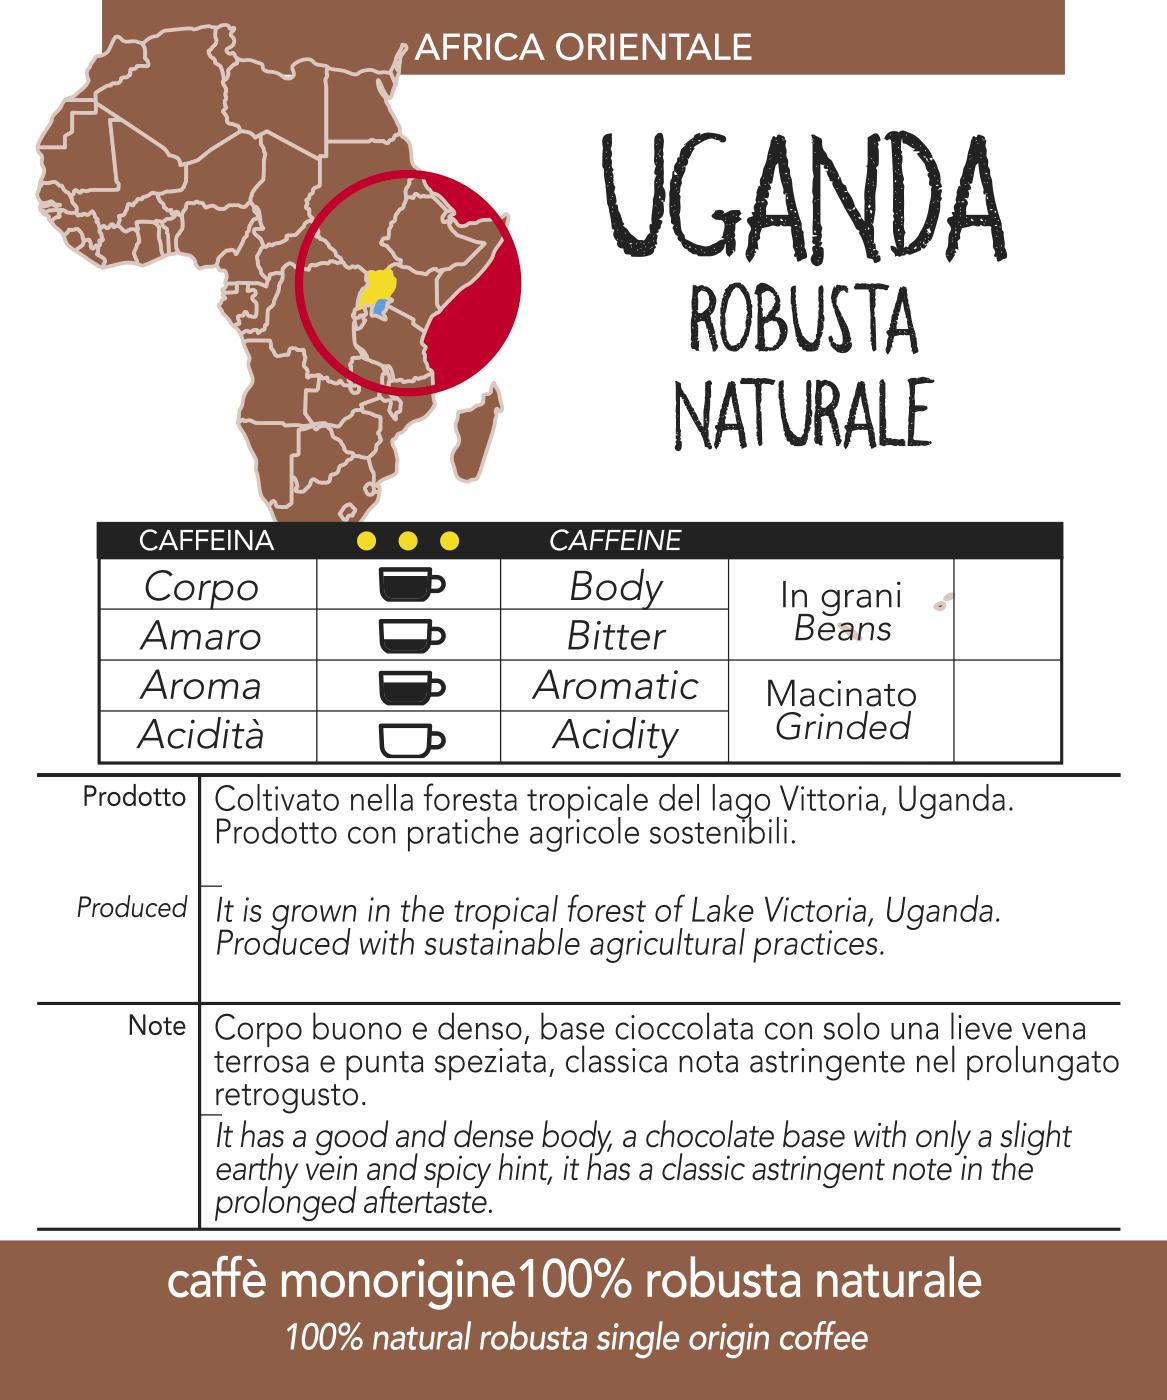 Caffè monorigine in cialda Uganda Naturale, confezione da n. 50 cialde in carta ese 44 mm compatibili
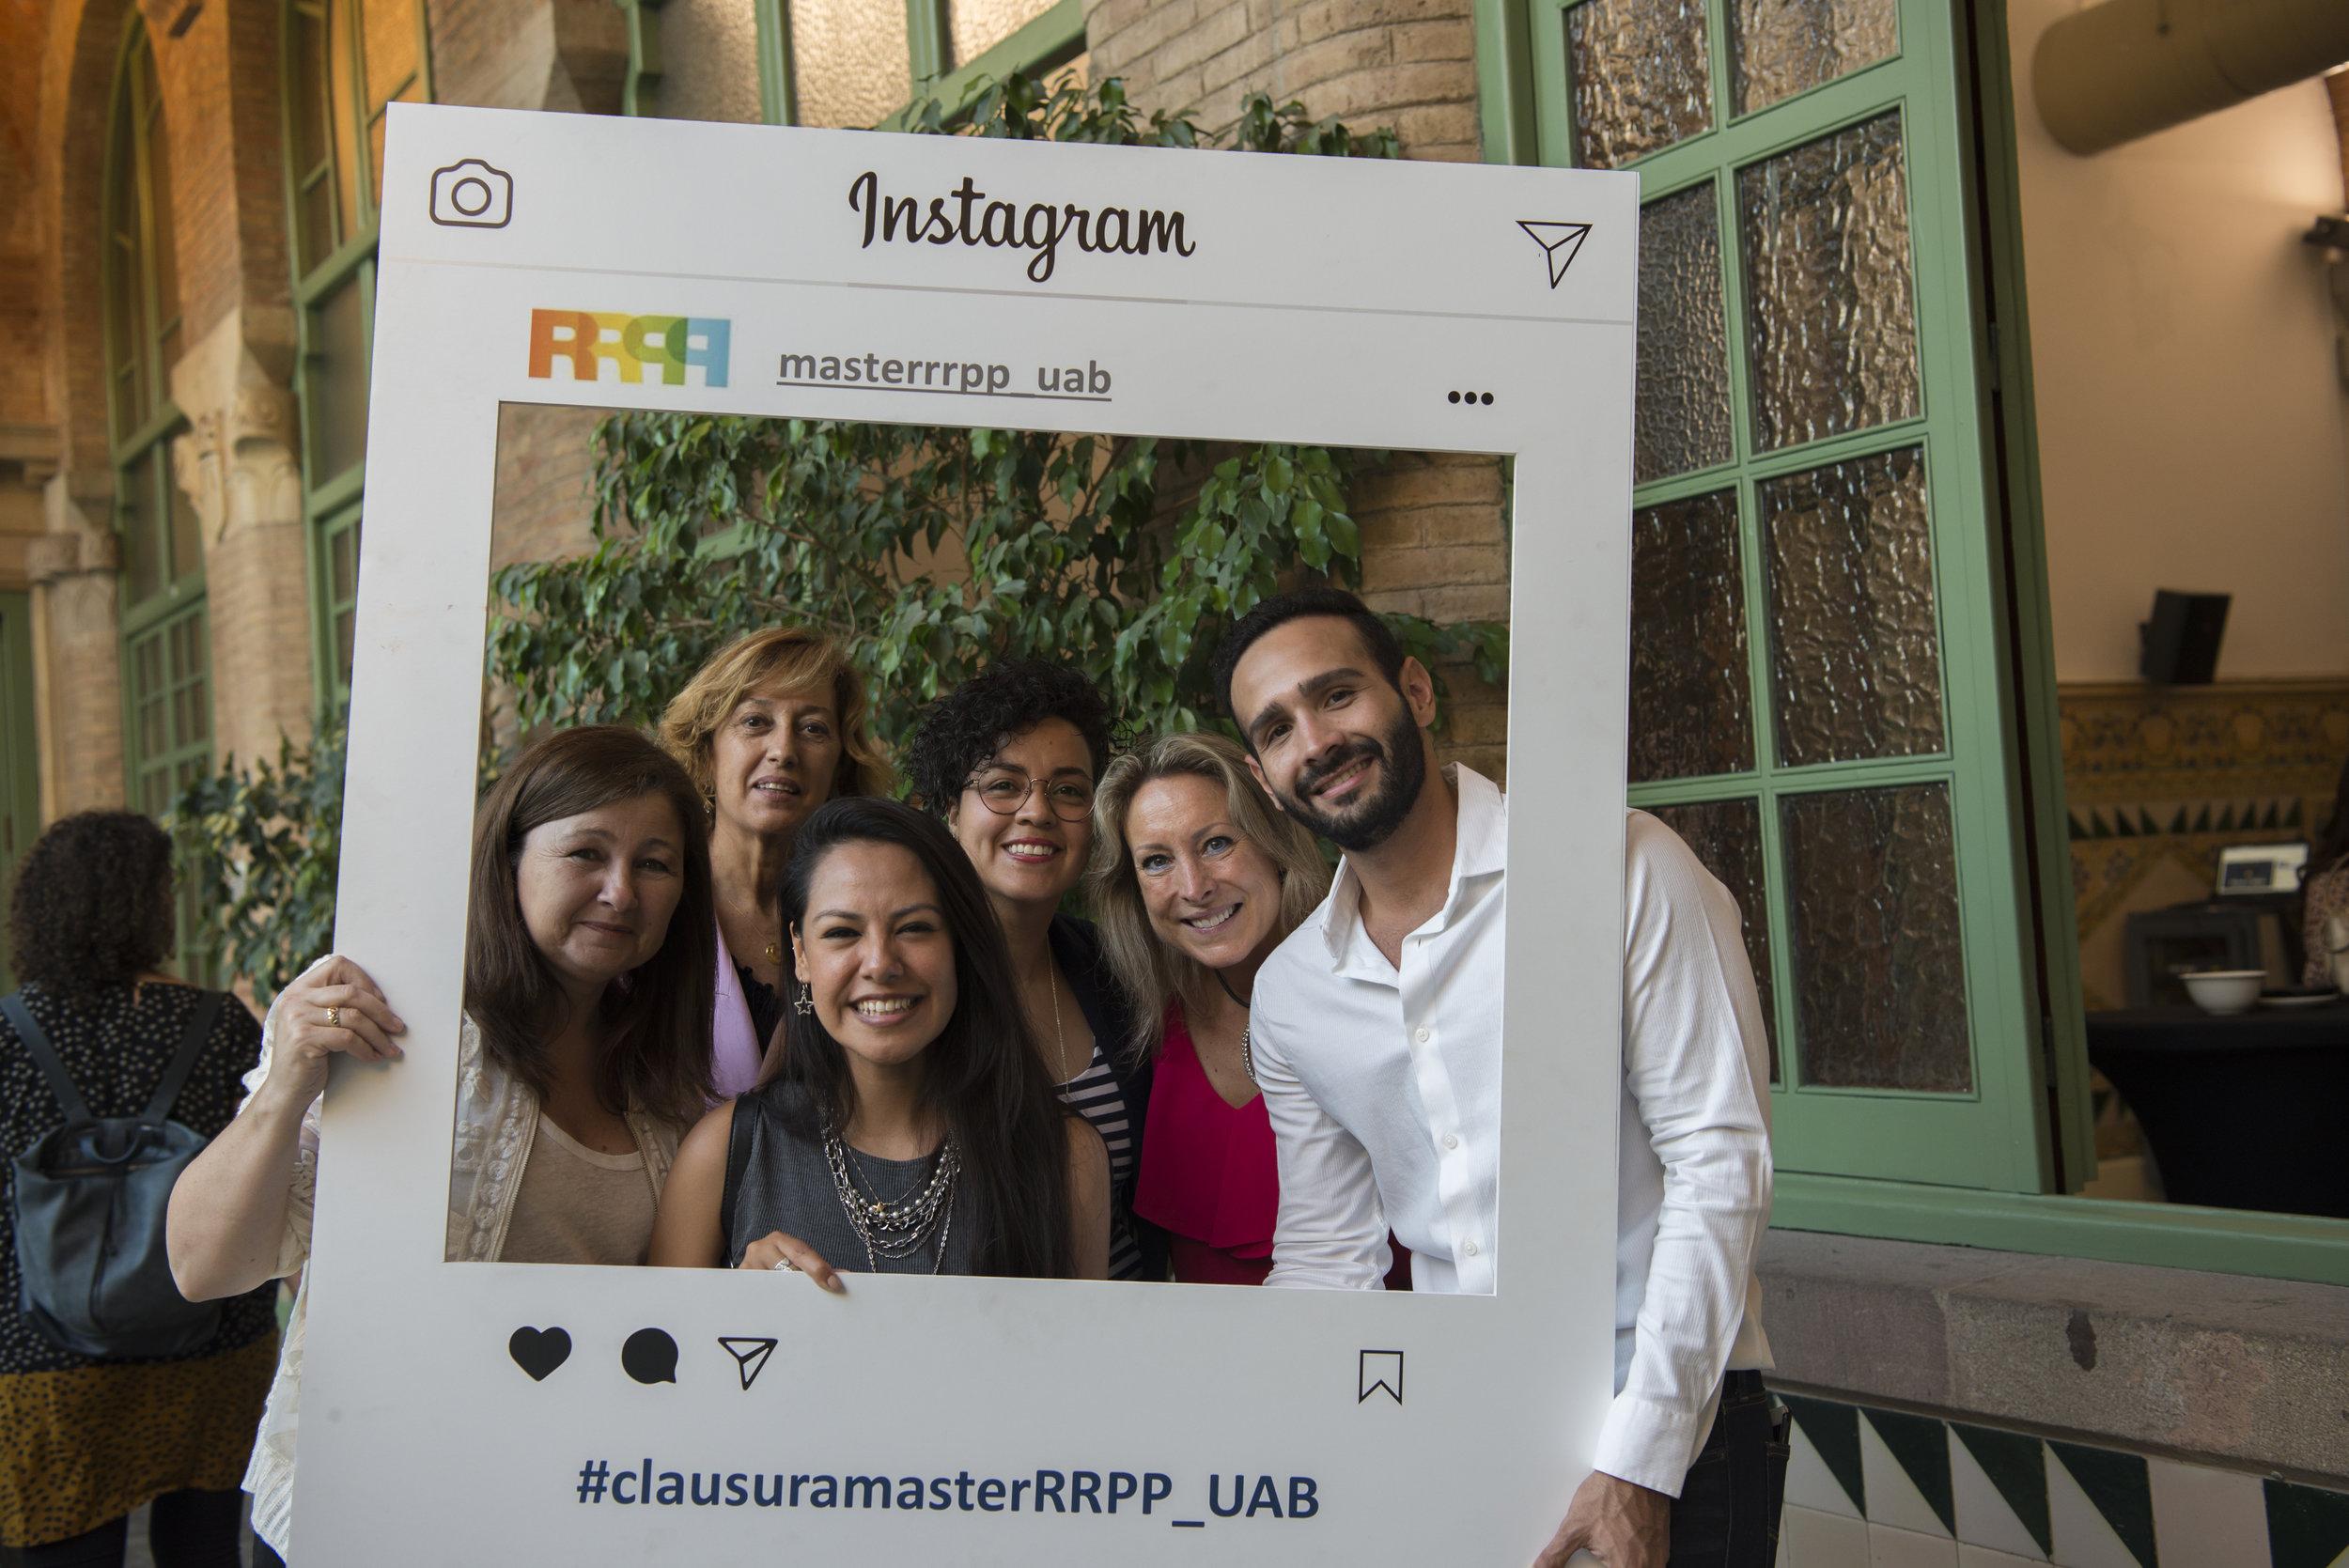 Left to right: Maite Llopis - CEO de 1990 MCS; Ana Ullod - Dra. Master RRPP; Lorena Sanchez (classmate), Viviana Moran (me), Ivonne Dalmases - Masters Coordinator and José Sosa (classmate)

* * *

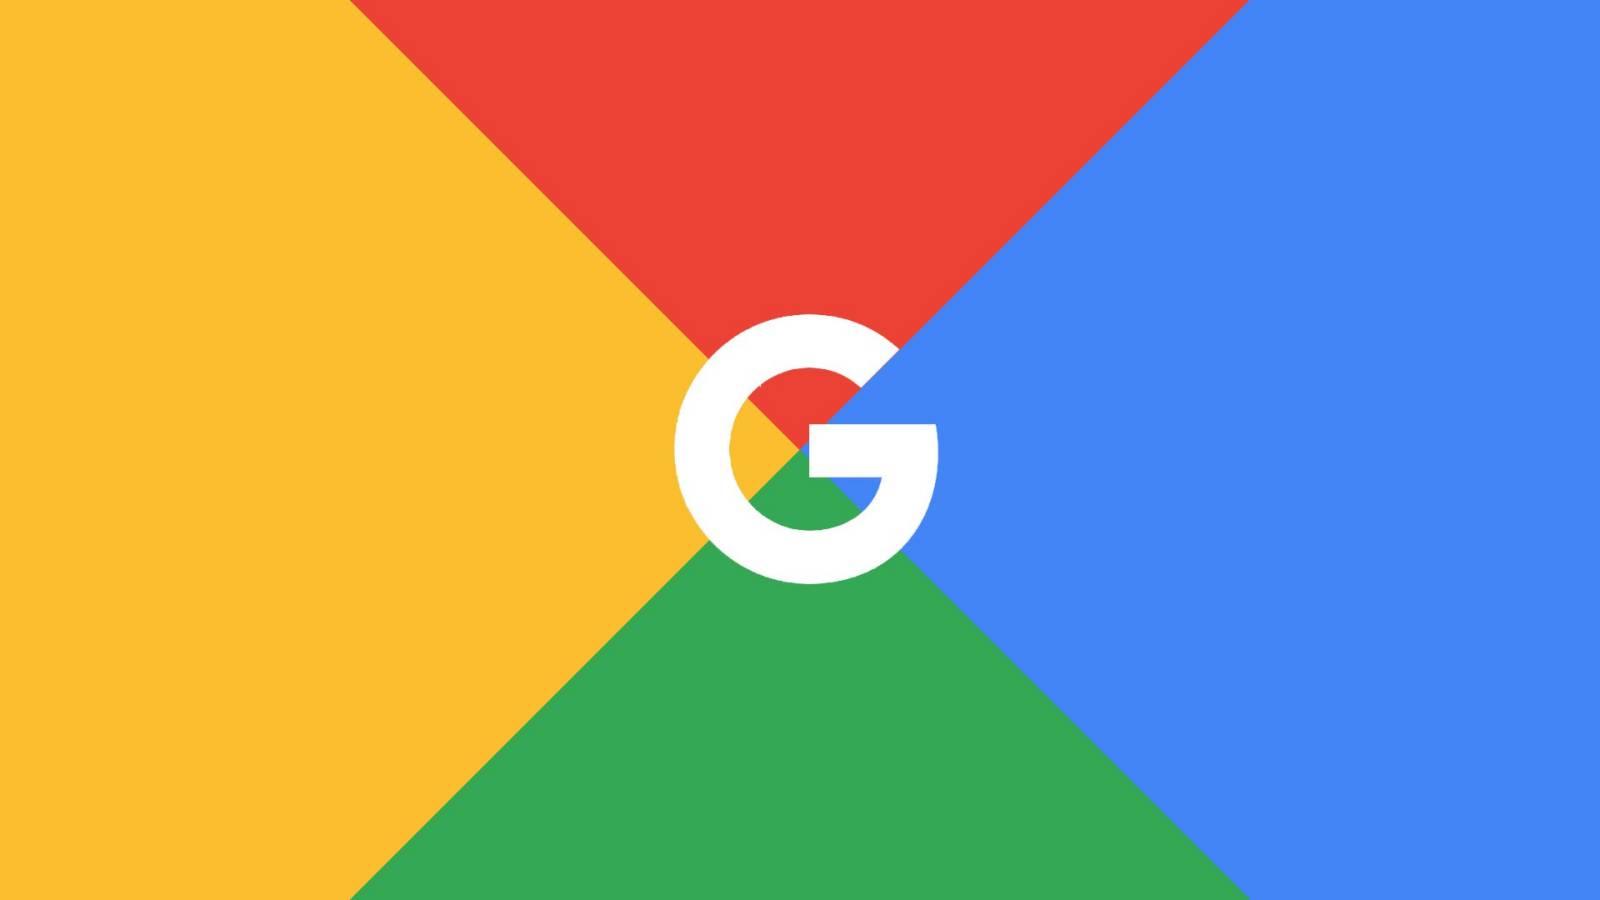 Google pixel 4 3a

--

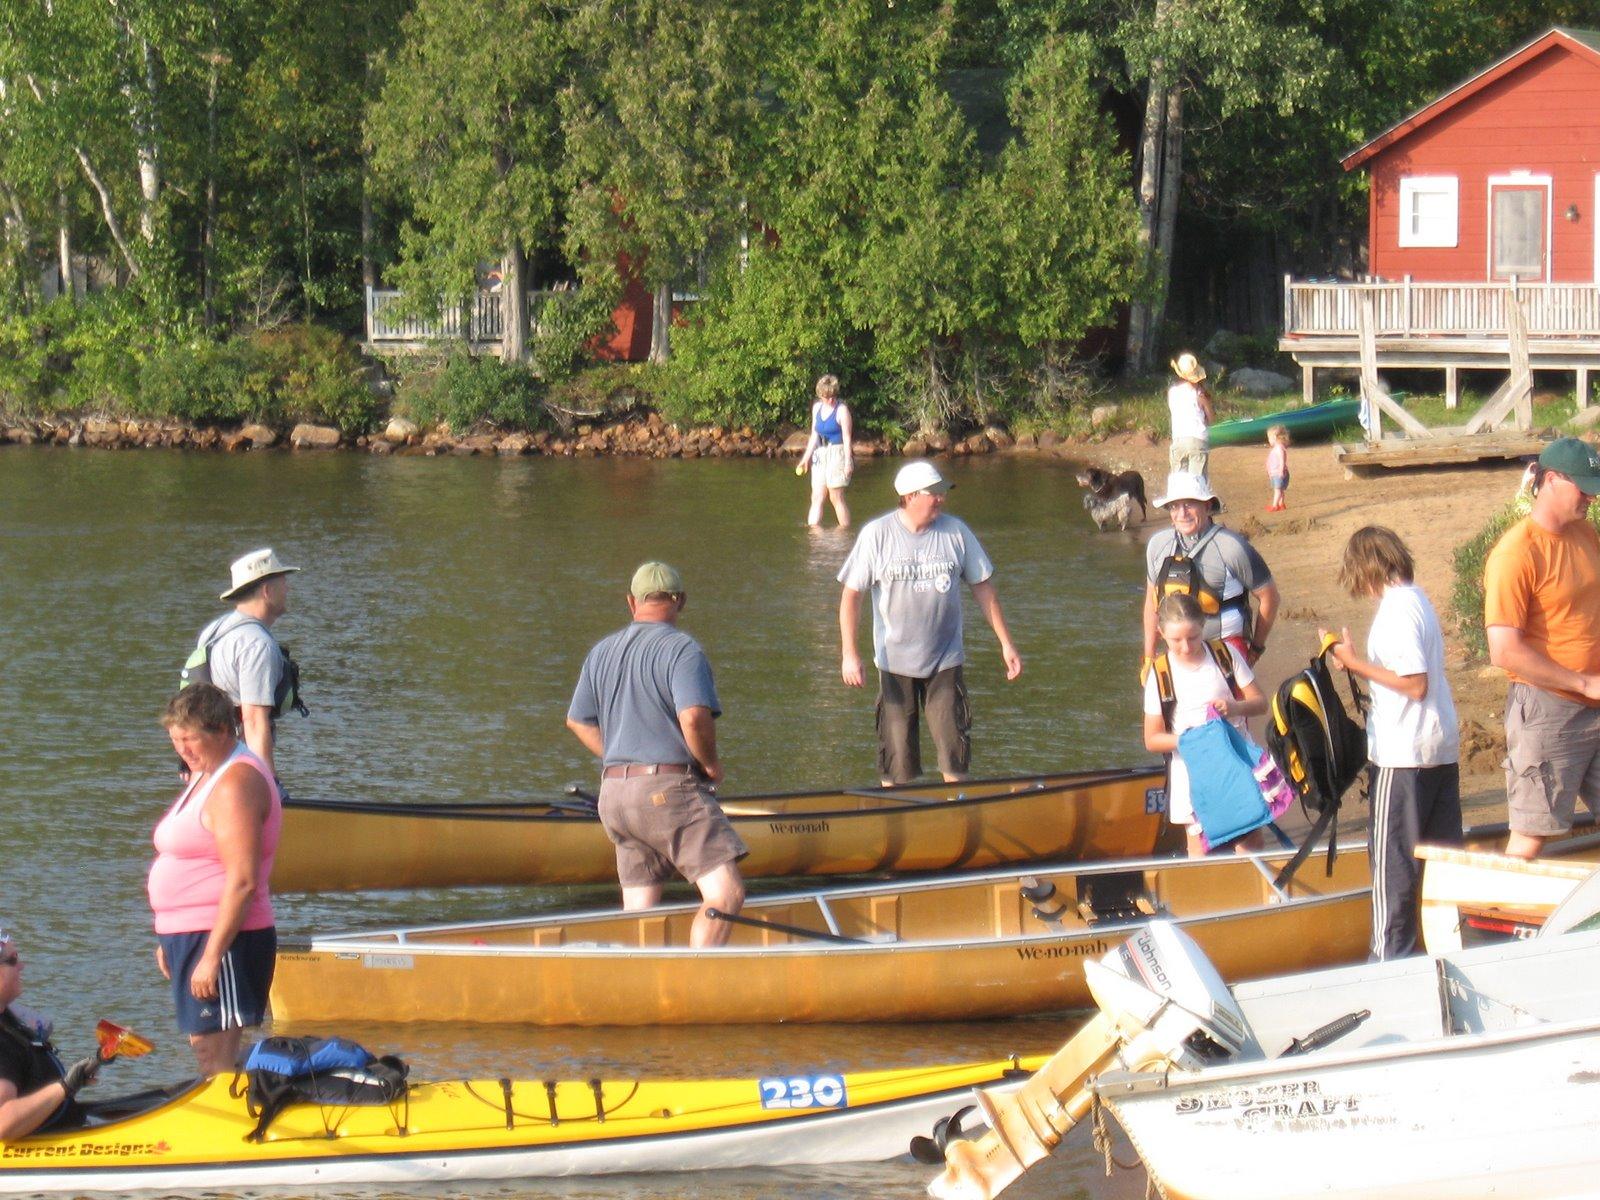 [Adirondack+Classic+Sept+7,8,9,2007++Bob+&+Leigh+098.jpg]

▶ [What you need to do]: What to print is the stretch of entries from the line with "Caffè monorigine in" up to and including the line with "Left to right: Maite". Please print it exactly and leave out the pictures.

▶ [Output]:
 Caffè monorigine in cialda Uganda Naturale, confezione da n. 50 cialde in carta ese 44 mm compatibili
 Left to right: Maite Llopis - CEO de 1990 MCS; Ana Ullod - Dra. Master RRPP; Lorena Sanchez (classmate), Viviana Moran (me), Ivonne Dalmases - Masters Coordinator and José Sosa (classmate)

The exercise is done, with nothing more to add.